**Work required**. Restate the data below word for word, omitting pictures.

(Input data)

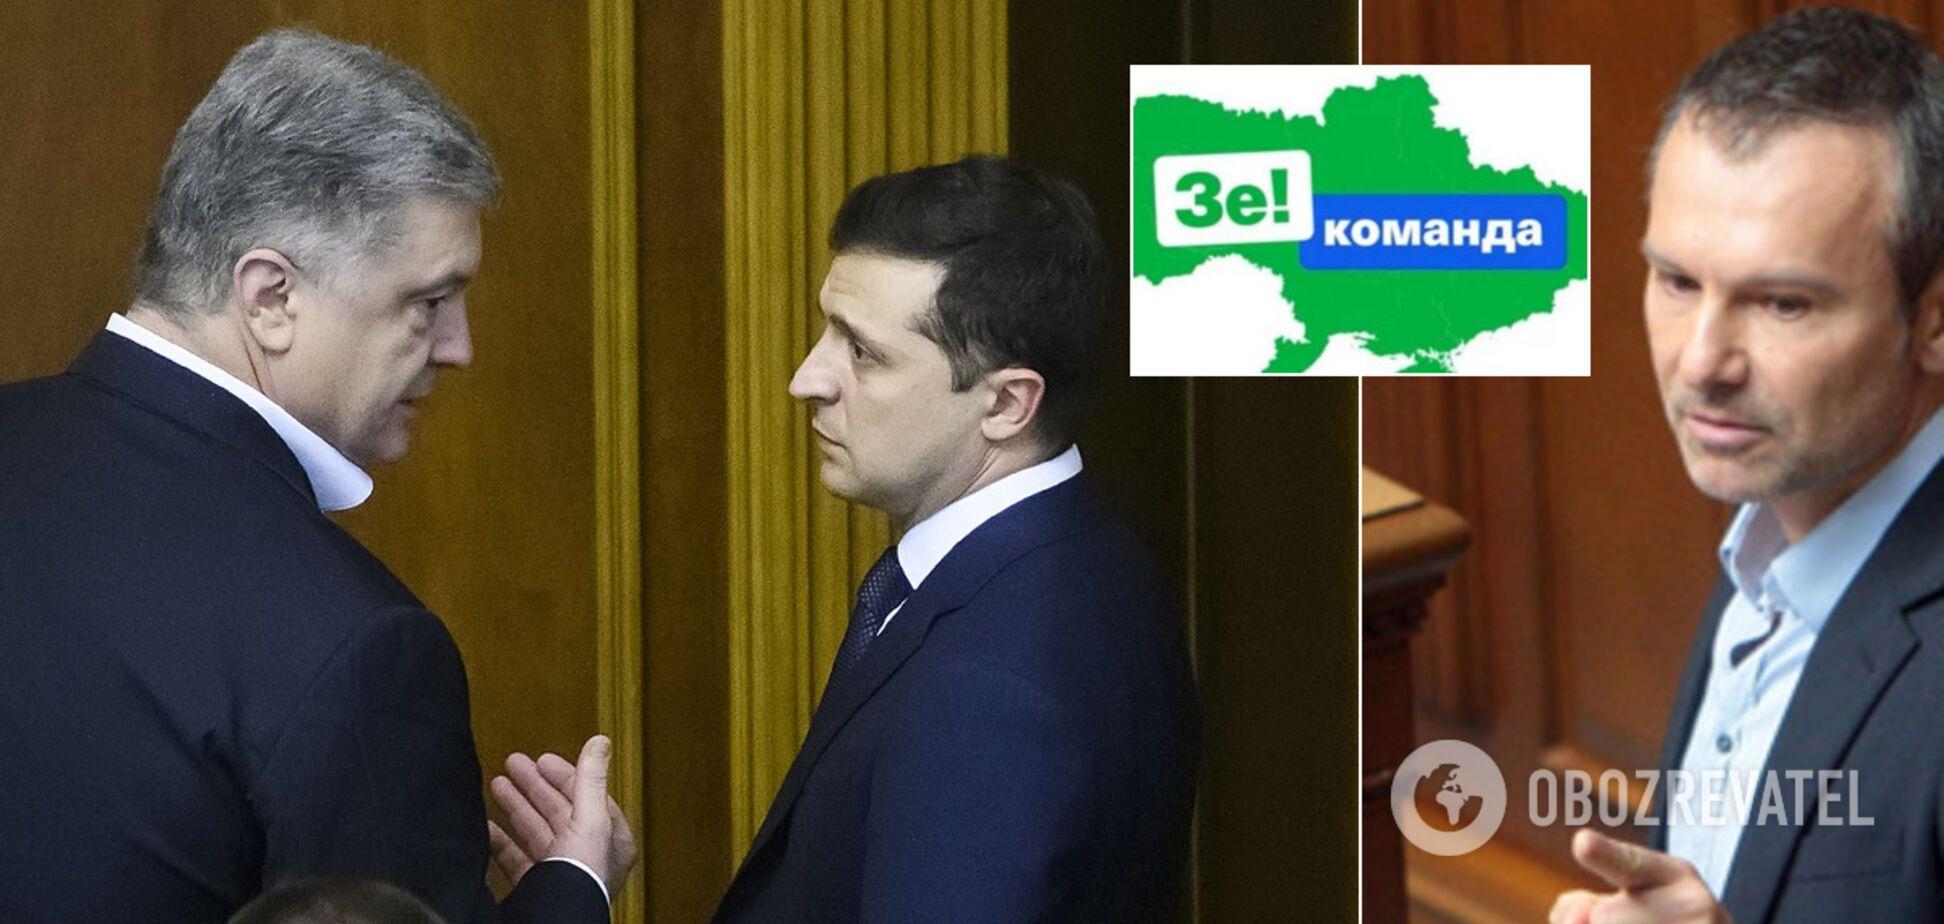 Кризис в 'Слуге народа': как Зеленский подружился с 'ЕС' и 'Голосом', чтобы принять законы для МВФ
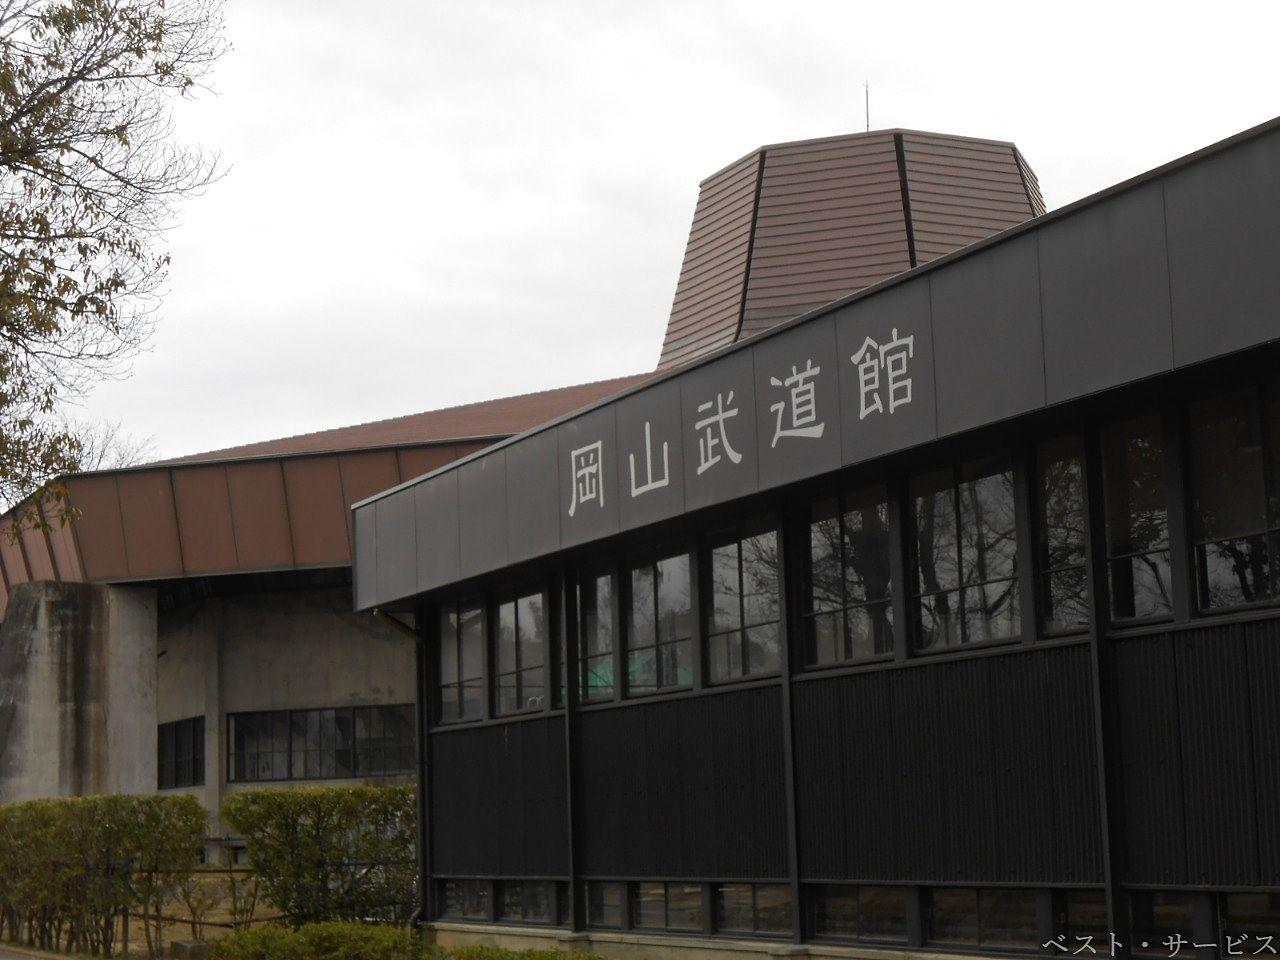 岡山県総合グラウンド 武道館 徒歩4分
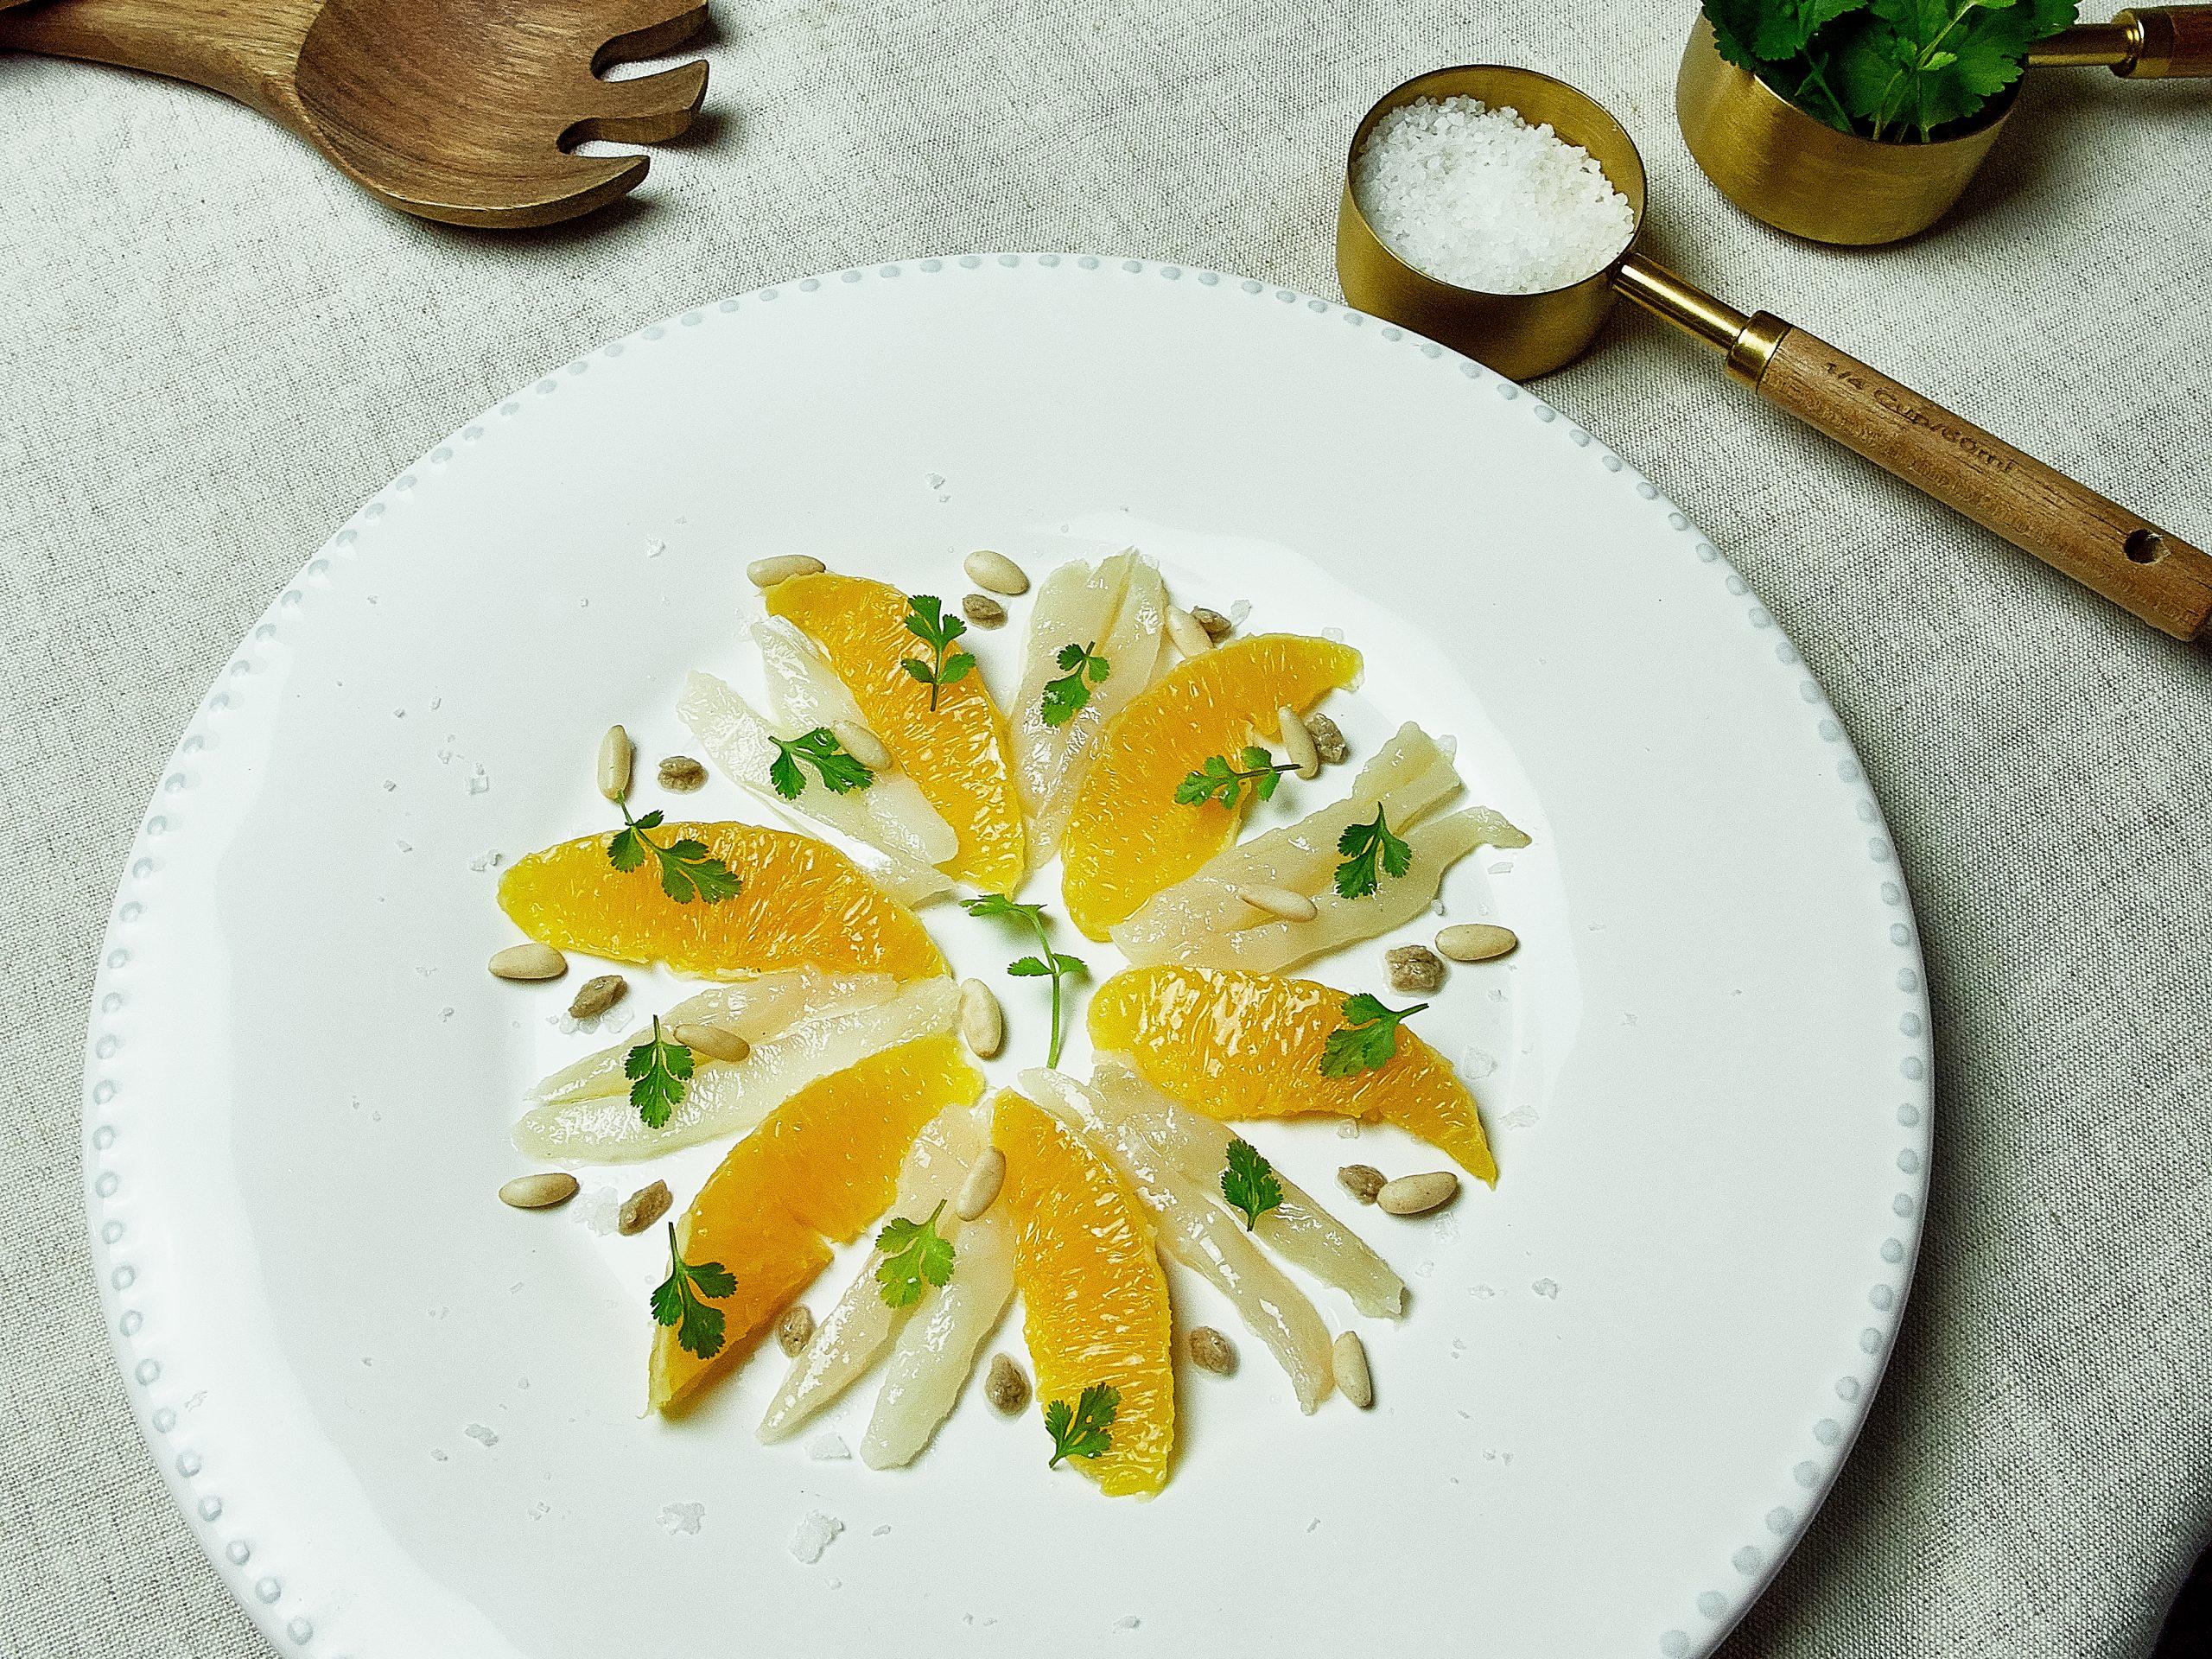 Ensalada de bacalao, naranja y emulsión de champiñón Portobello
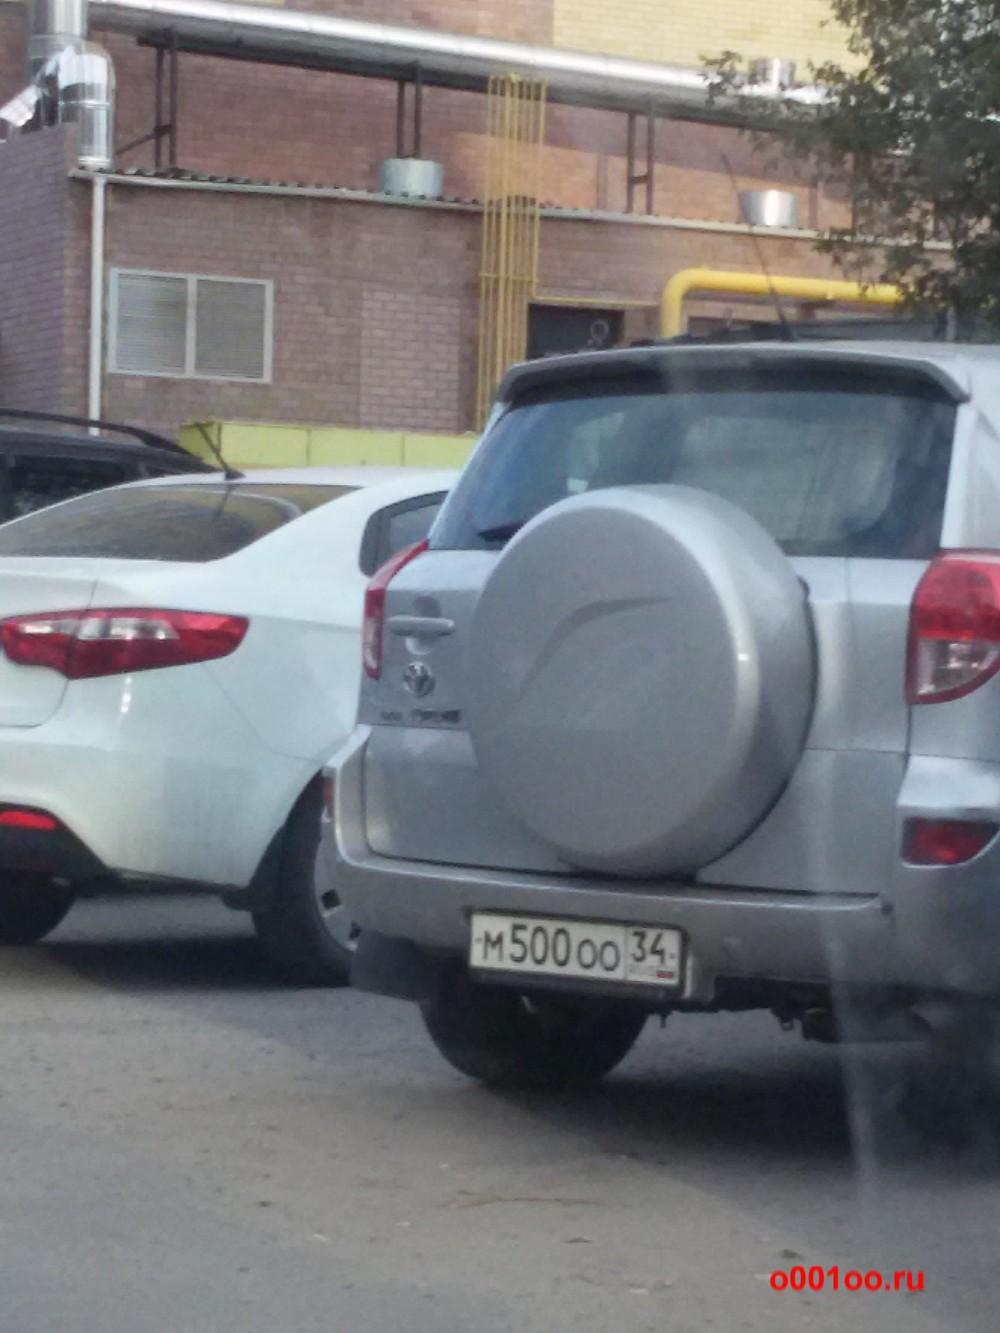 М500оо34

(End Input data)

**Response area**.
 Кризис в 'Слуге народа': как Зеленский подружился с 'ЕС' и 'Голосом', чтобы принять законы для МВФ
 岡山県総合グラウンド 武道館 徒歩4分
 Ensalada de bacalao, naranja y emulsión de champiñón Portobello
 М500оо34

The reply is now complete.